Information provided:
┄┄┄┄┄┄┄┄┄┄

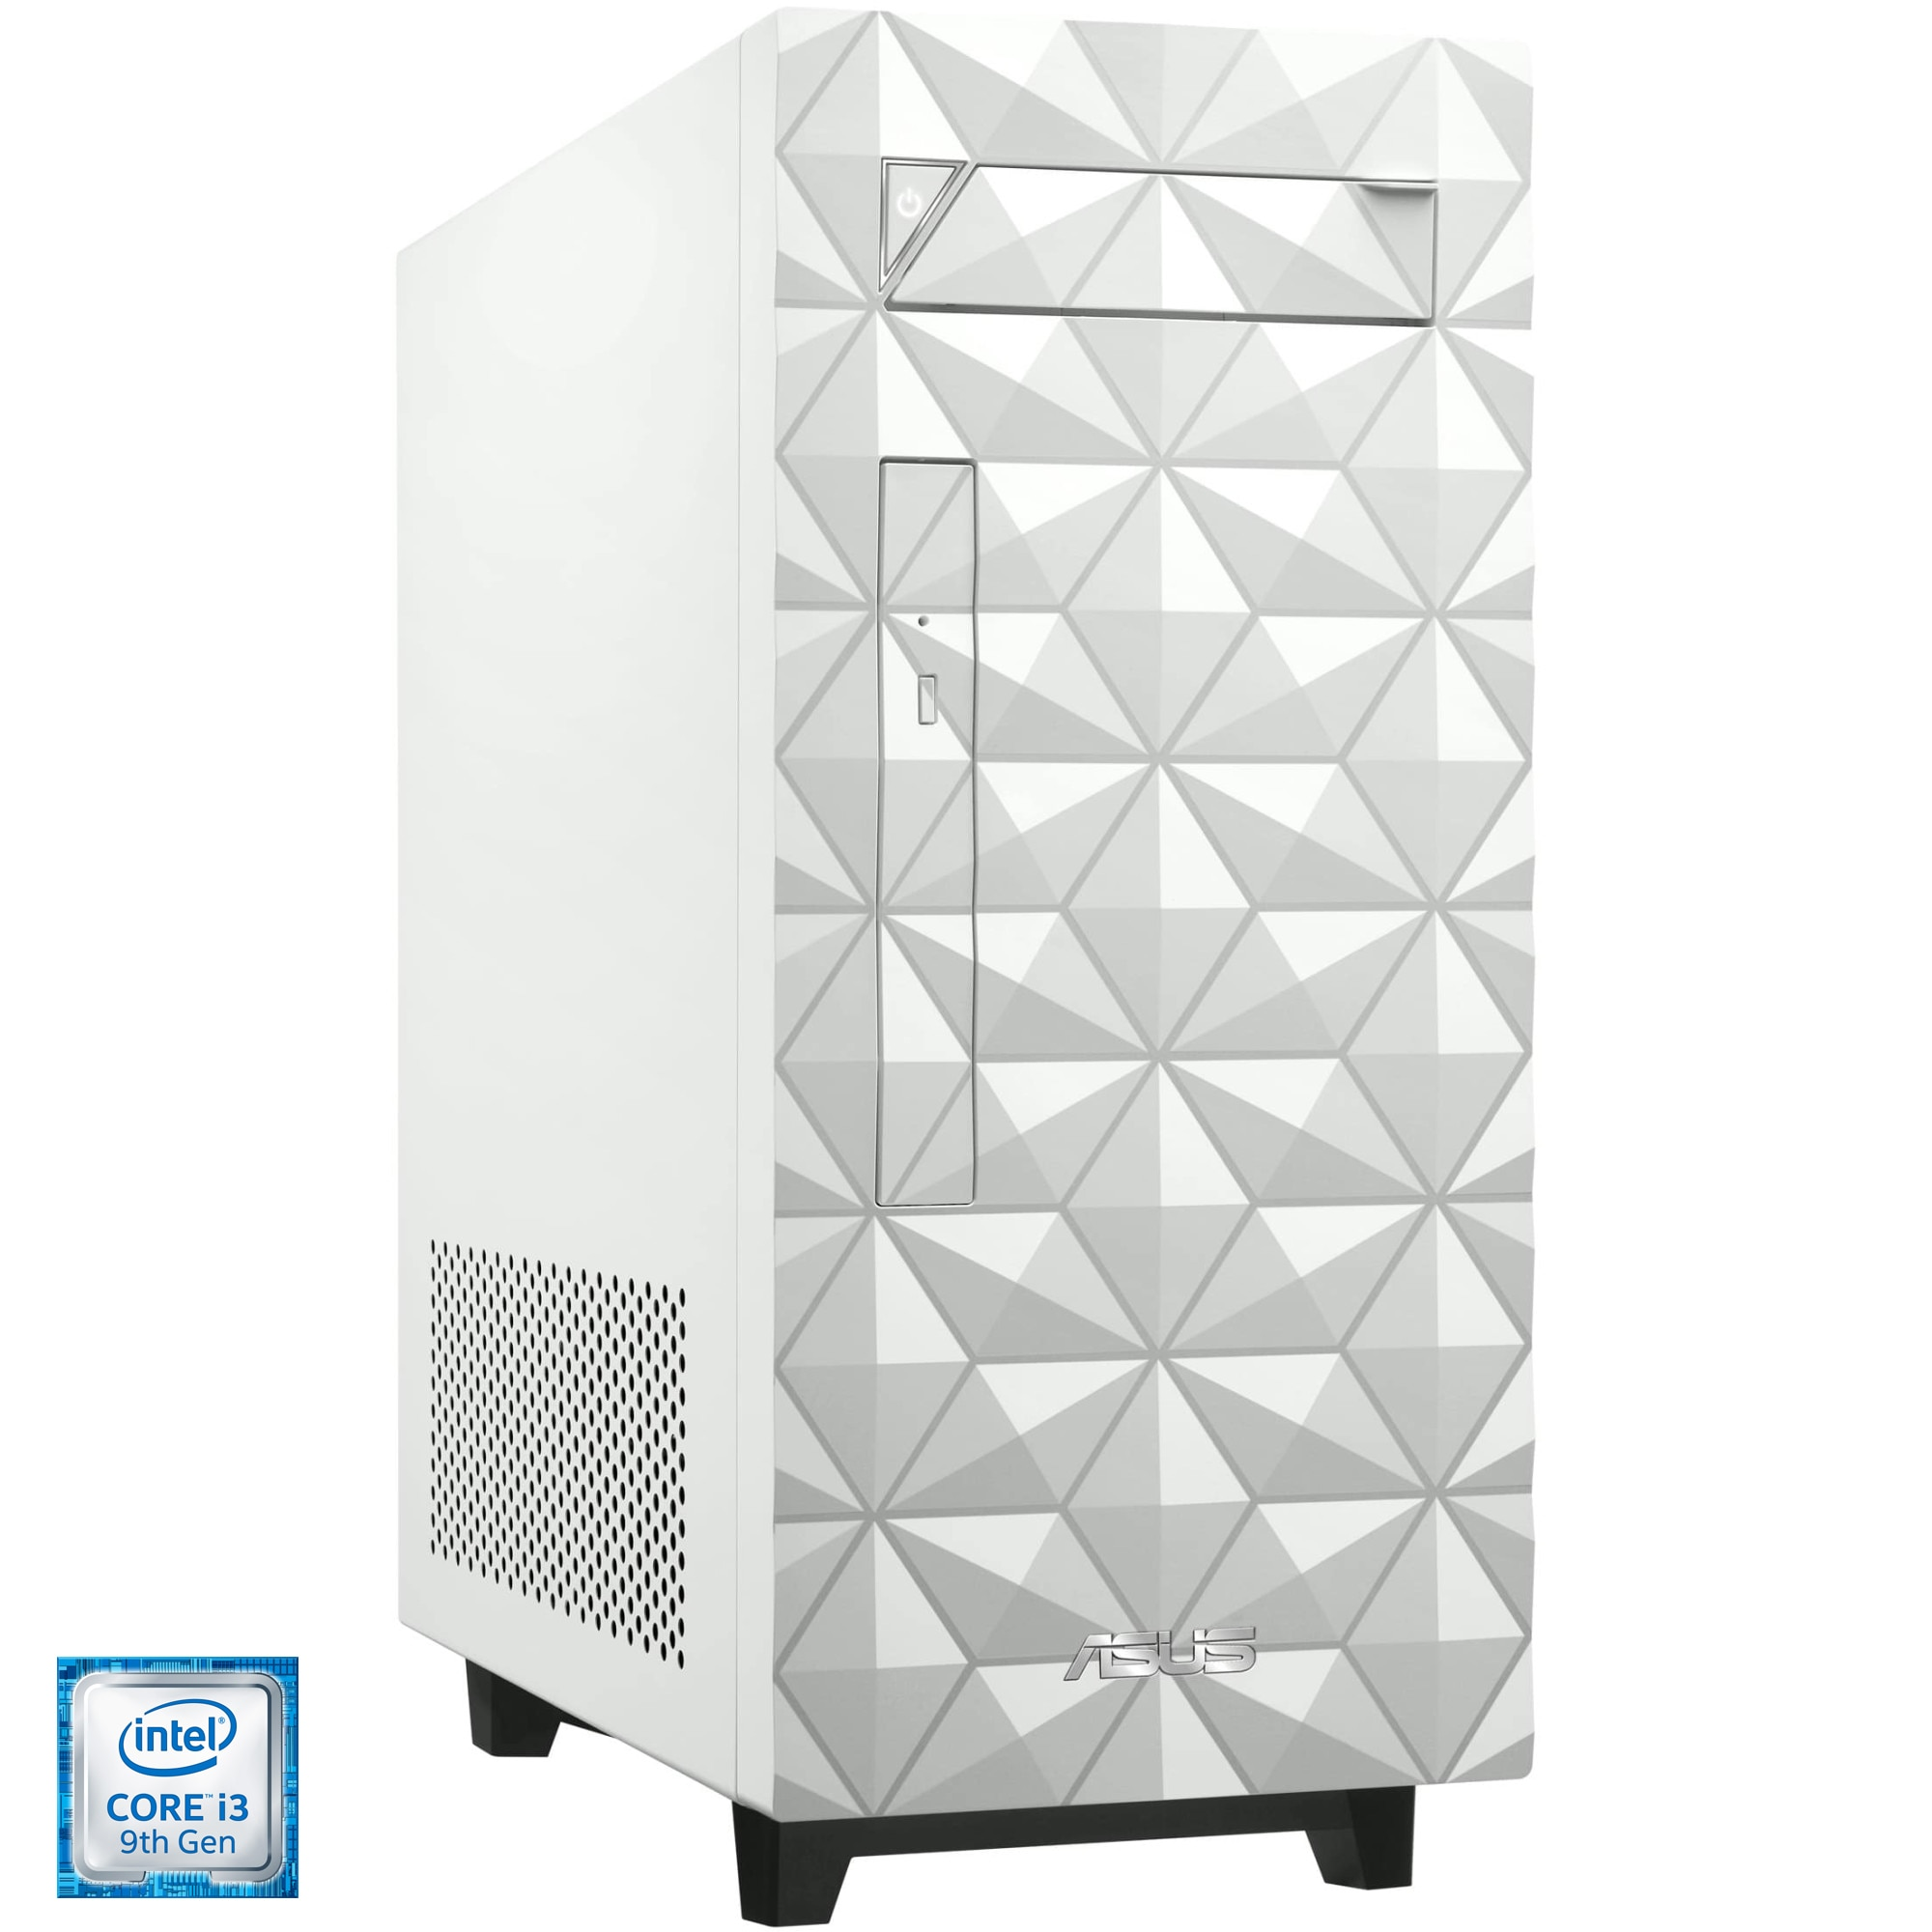 Fotografie Sistem Desktop PC ASUS S340MF cu procesor Intel® Core™ i3-9100F pana la 4.20 GHz, Coffee Lake, 8GB DDR4, 256GB SSD M.2 NVMe™, Wi-Fi, DVD-RW, NVIDIA® GeForce® GT1030 2GB, Free DOS, White, Mouse + Tastatura
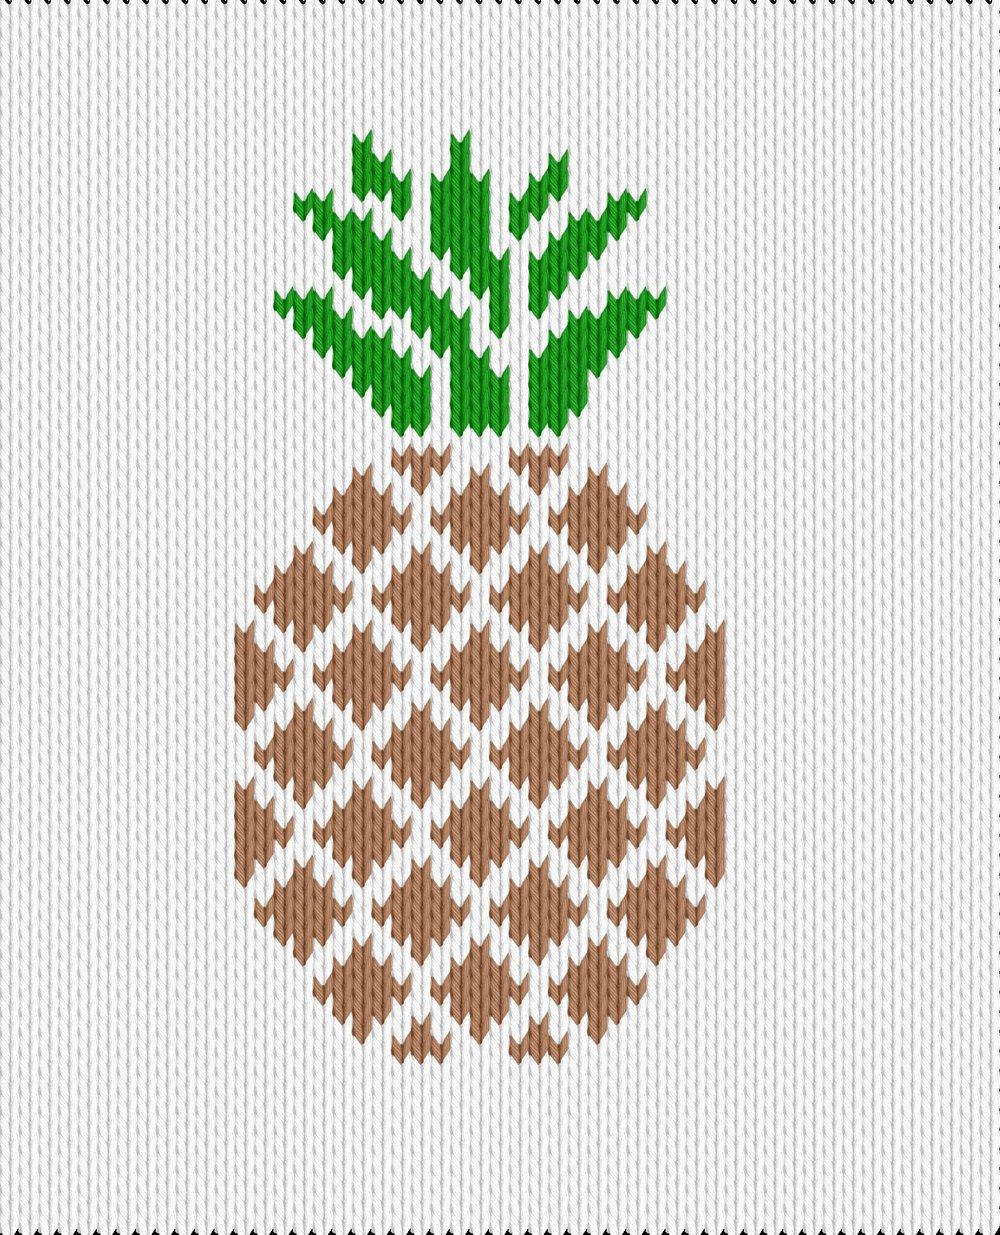 Knitting motif chart, pineapple
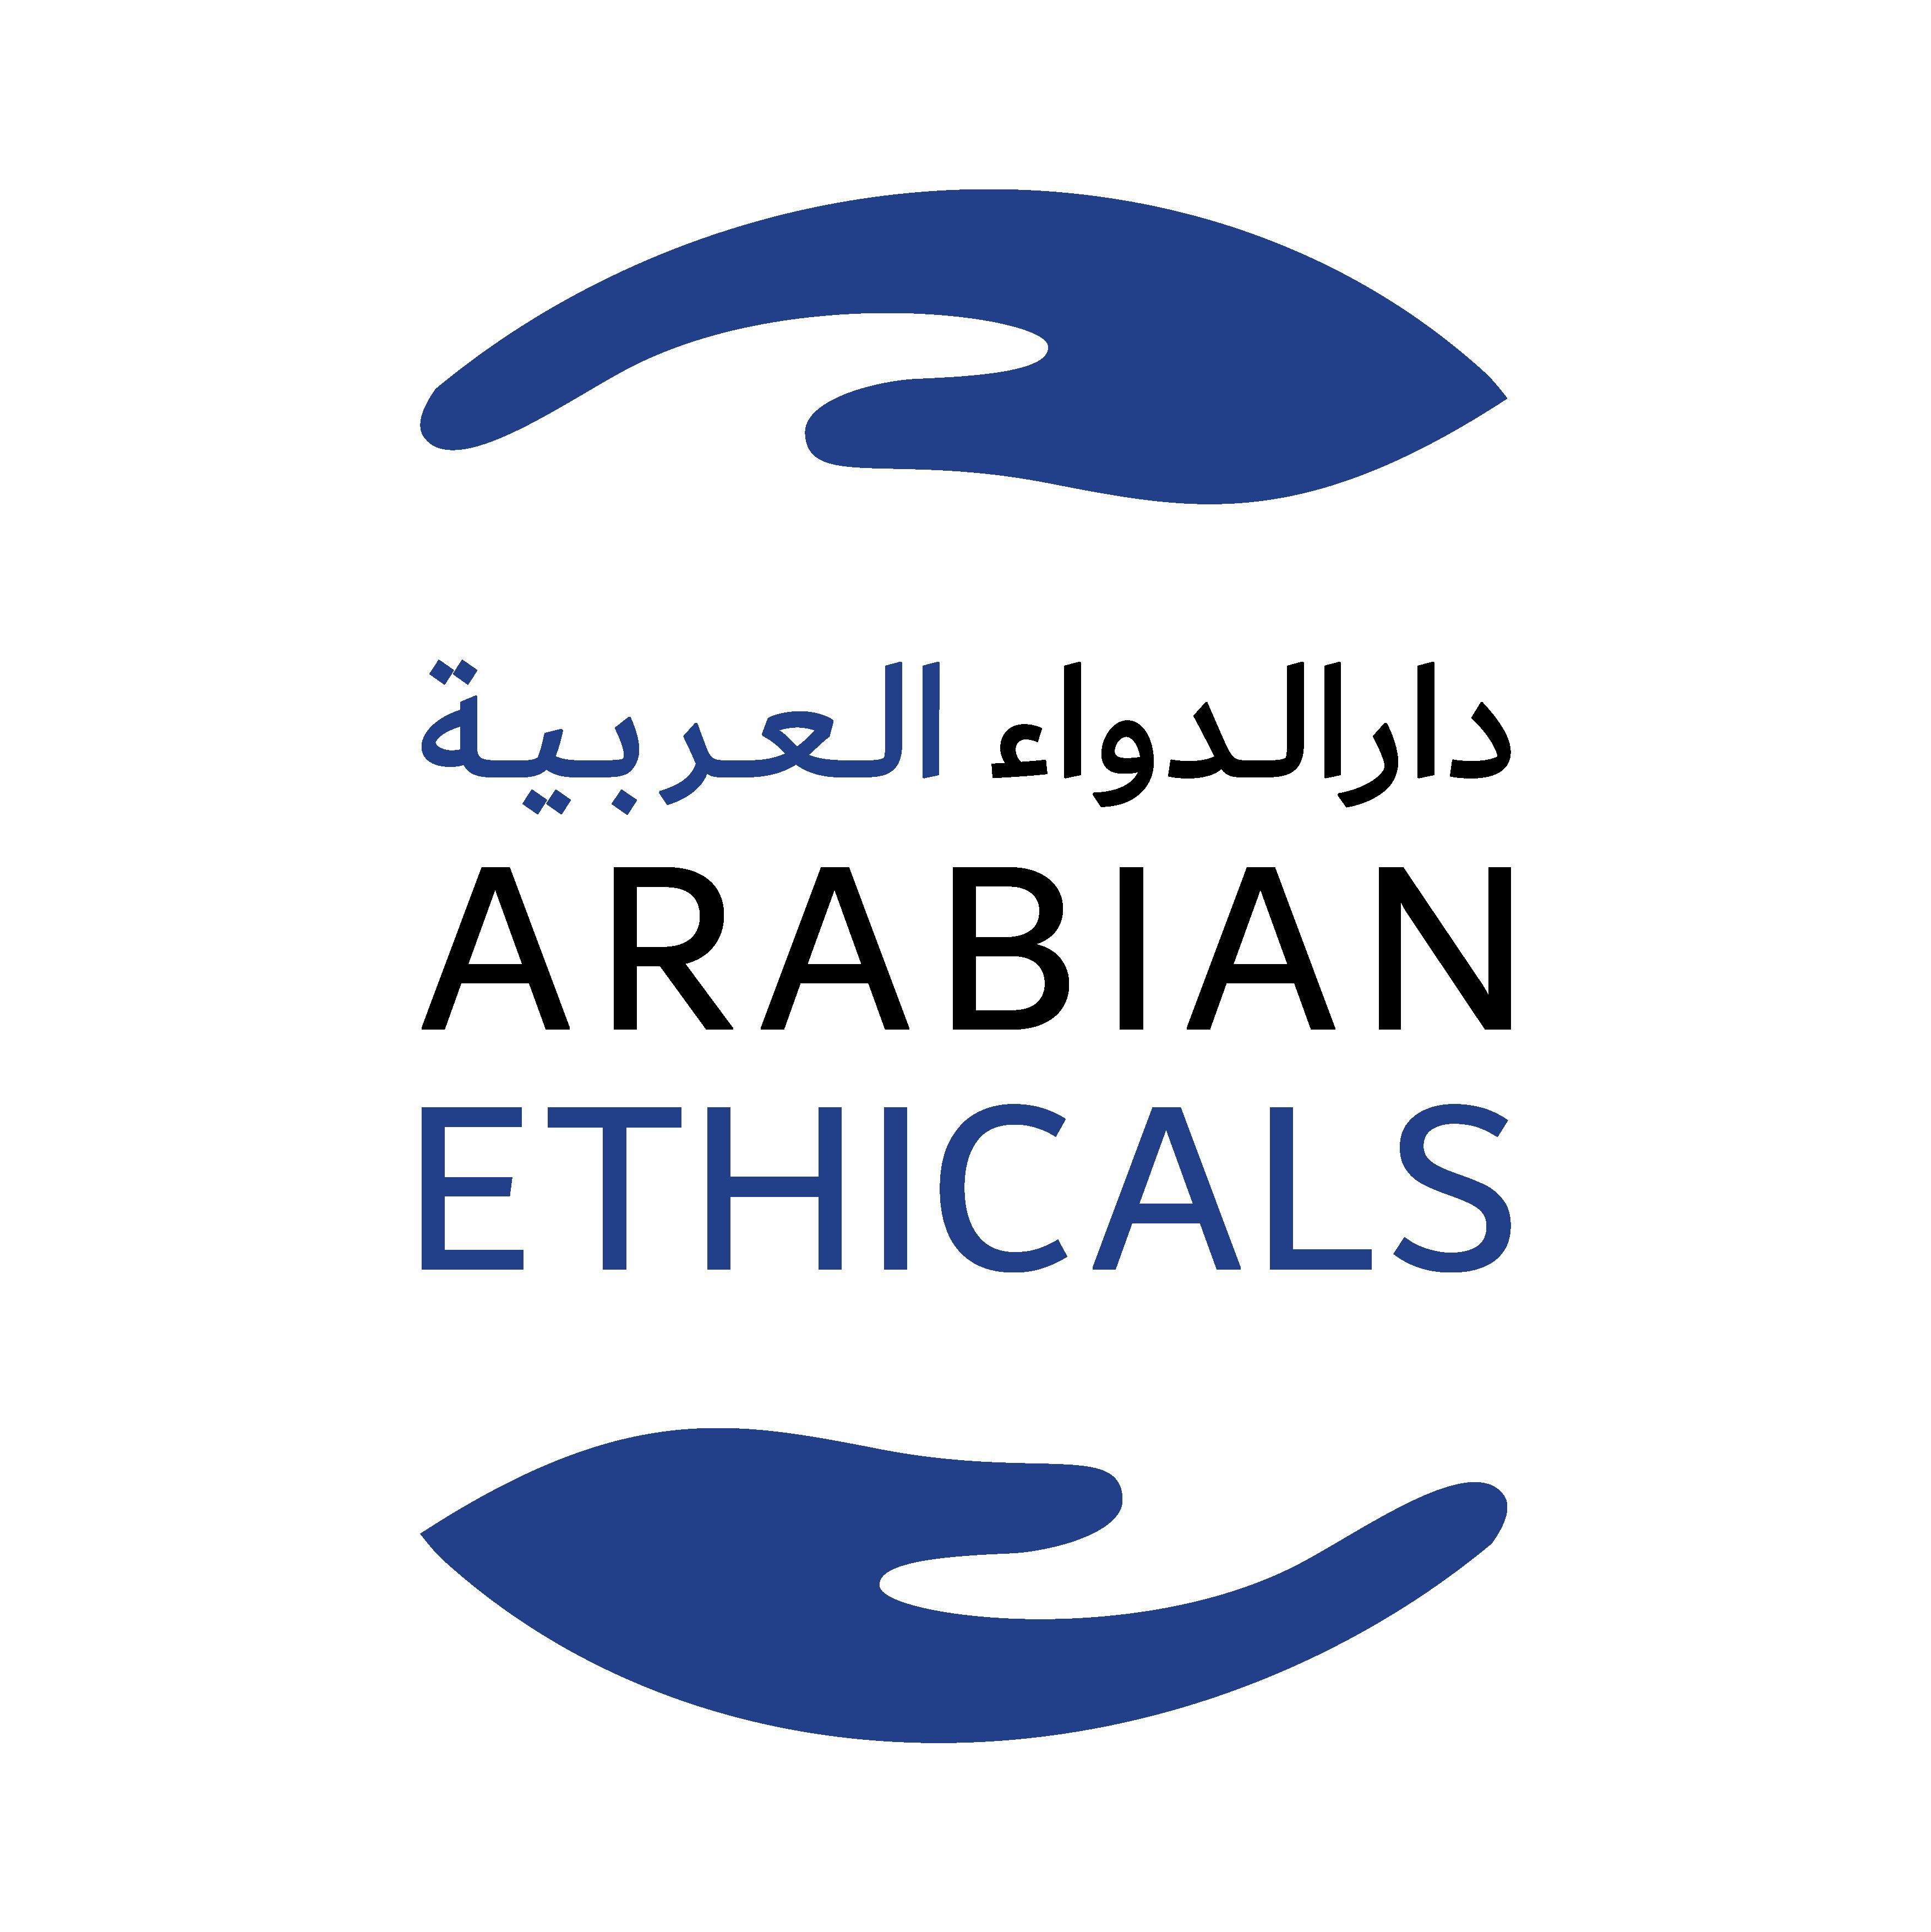 Arabian Ethicals Co

┄┄┄┄┄┄┄┄┄┄

What is needed:
Once the pictures are removed, output the remaining material exactly.

Answer to this exercise:
 Fotografie Sistem Desktop PC ASUS S340MF cu procesor Intel® Core™ i3-9100F pana la 4.20 GHz, Coffee Lake, 8GB DDR4, 256GB SSD M.2 NVMe™, Wi-Fi, DVD-RW, NVIDIA® GeForce® GT1030 2GB, Free DOS, White, Mouse + Tastatura
 Knitting motif chart, pineapple
 Arabian Ethicals Co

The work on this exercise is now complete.